SELECT toRelativeDayNum(toDateTime(1000000000), 'America/New_York')

┌─toRelativeDayNum(toDateTime(1000000000), \'America/New_York\')─┐
│                                                          11573 │
└────────────────────────────────────────────────────────────────┘

1 rows in set. Elapsed: 0.004 sec.

:) select toRelativeDayNum(toDateTime(1000000000)-4*3600, 'UTC');

SELECT toRelativeDayNum(toDateTime(1000000000) - (4 * 3600), 'UTC')

┌─toRelativeDayNum(minus(toDateTime(1000000000), multiply(4, 3600)), \'UTC\')─┐
│                                                                       11573 │
└─────────────────────────────────────────────────────────────────────────────┘

1 rows in set. Elapsed: 0.001 sec.

:) select toRelativeDayNum(toDateTime(1000000000), 'Europe/Moscow');

SELECT toRelativeDayNum(toDateTime(1000000000), 'Europe/Moscow')

┌─toRelativeDayNum(toDateTime(1000000000), \'Europe/Moscow\')─┐
│                                                       11574 │
└─────────────────────────────────────────────────────────────┘

1 rows in set. Elapsed: 0.001 sec.

:) select toRelativeDayNum(toDateTime(1000000000) + 4*3600, 'UTC');

SELECT toRelativeDayNum(toDateTime(1000000000) + (4 * 3600), 'UTC')

┌─toRelativeDayNum(plus(toDateTime(1000000000), multiply(4, 3600)), \'UTC\')─┐
│                                                                      11574 │
└────────────────────────────────────────────────────────────────────────────┘

1 rows in set. Elapsed: 0.001 sec.
filimonov commented 7 years ago

In your sample : try this (if your default tz is UTC)

select count(*) as count, toRelativeDayNum(date+3*3600) - toRelativeDayNum(X+3*3600) from table
when date >= X and date =< Y
silviucpp commented 7 years ago

@filimonov yes very interesting your suggestion :) this way you can bypass also the issue with fractional tz that's missing. do I miss something ?

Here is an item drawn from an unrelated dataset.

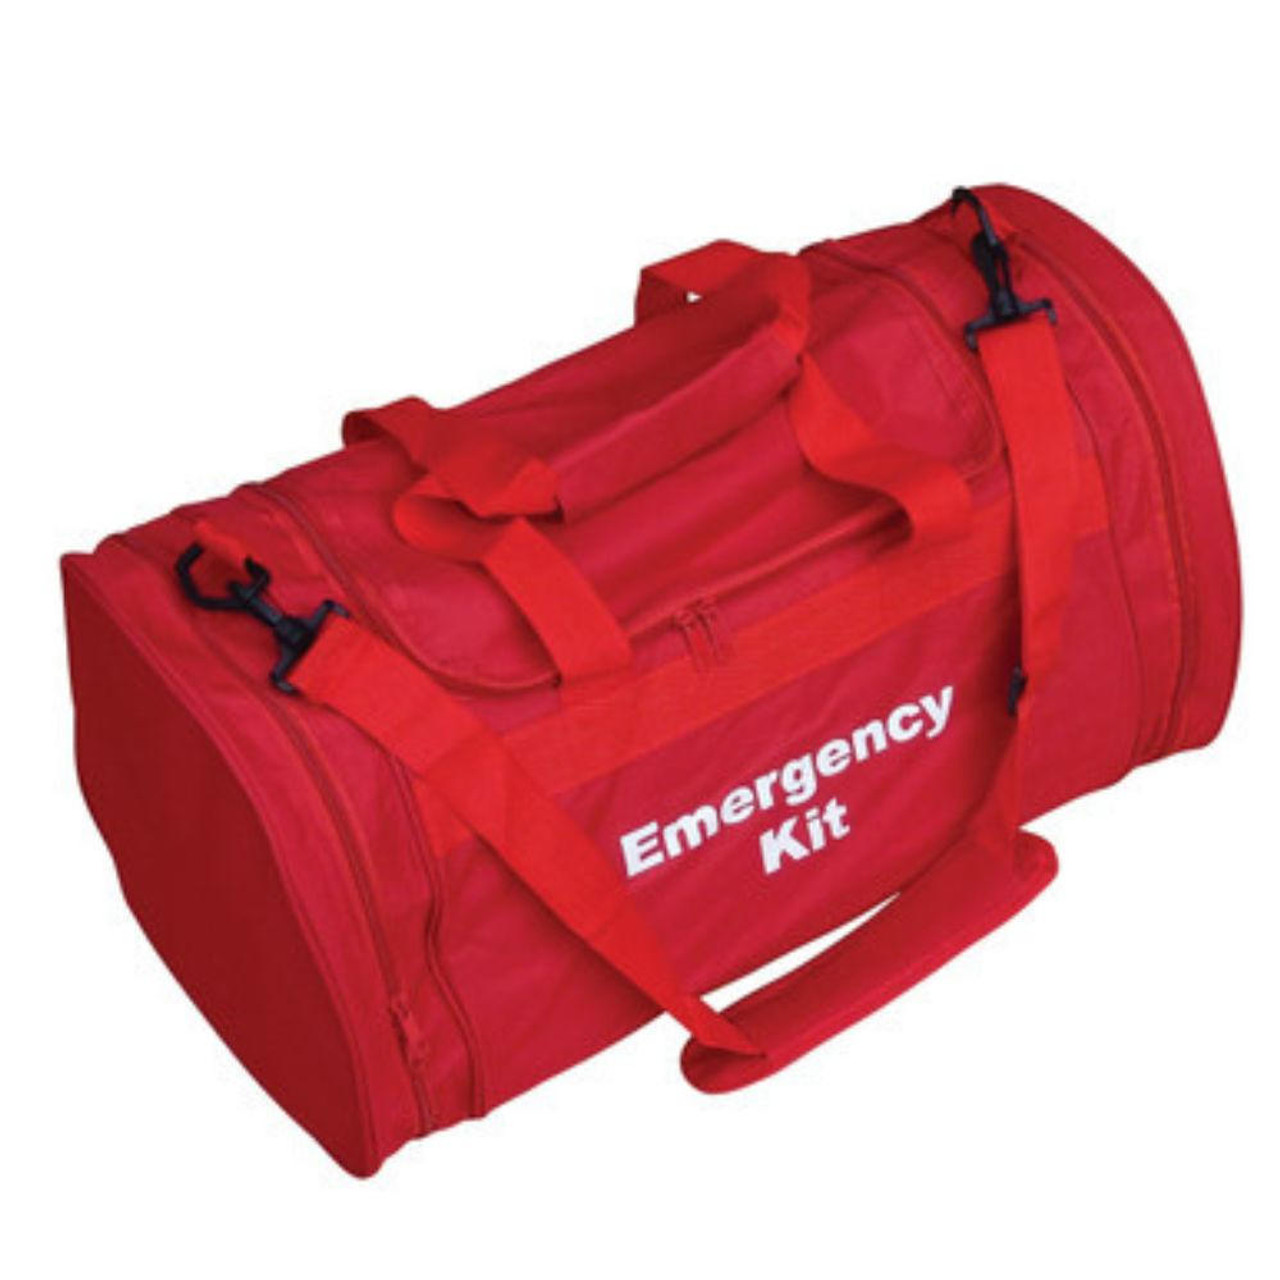 100 Foil Blankets in Emergency Kit Bag with Shoulder Strap

filimonov commented 7 years ago

It will work correctly (also for fractional offsets) if you know exactly the offset, which is not a constant value in time. :/

So for example for central europenian time (CET) you should use +2 hours offset in the winter, and +1 in the summer, and you should know exactly when to switch. If you also have a historical data you also need to know when how it was in past, etc. That's why all that's named timezones were introduced, and tzdata database is maintained.

silviucpp commented 7 years ago

Ohh right..

filimonov commented 7 years ago

Anyway - i just wanted to say that there is a quite simple (may be a bit tricky) workaround. And fixed timezone offset is connected with certain risks (user should be aware that offset can change). So not sure if that feature is really useful.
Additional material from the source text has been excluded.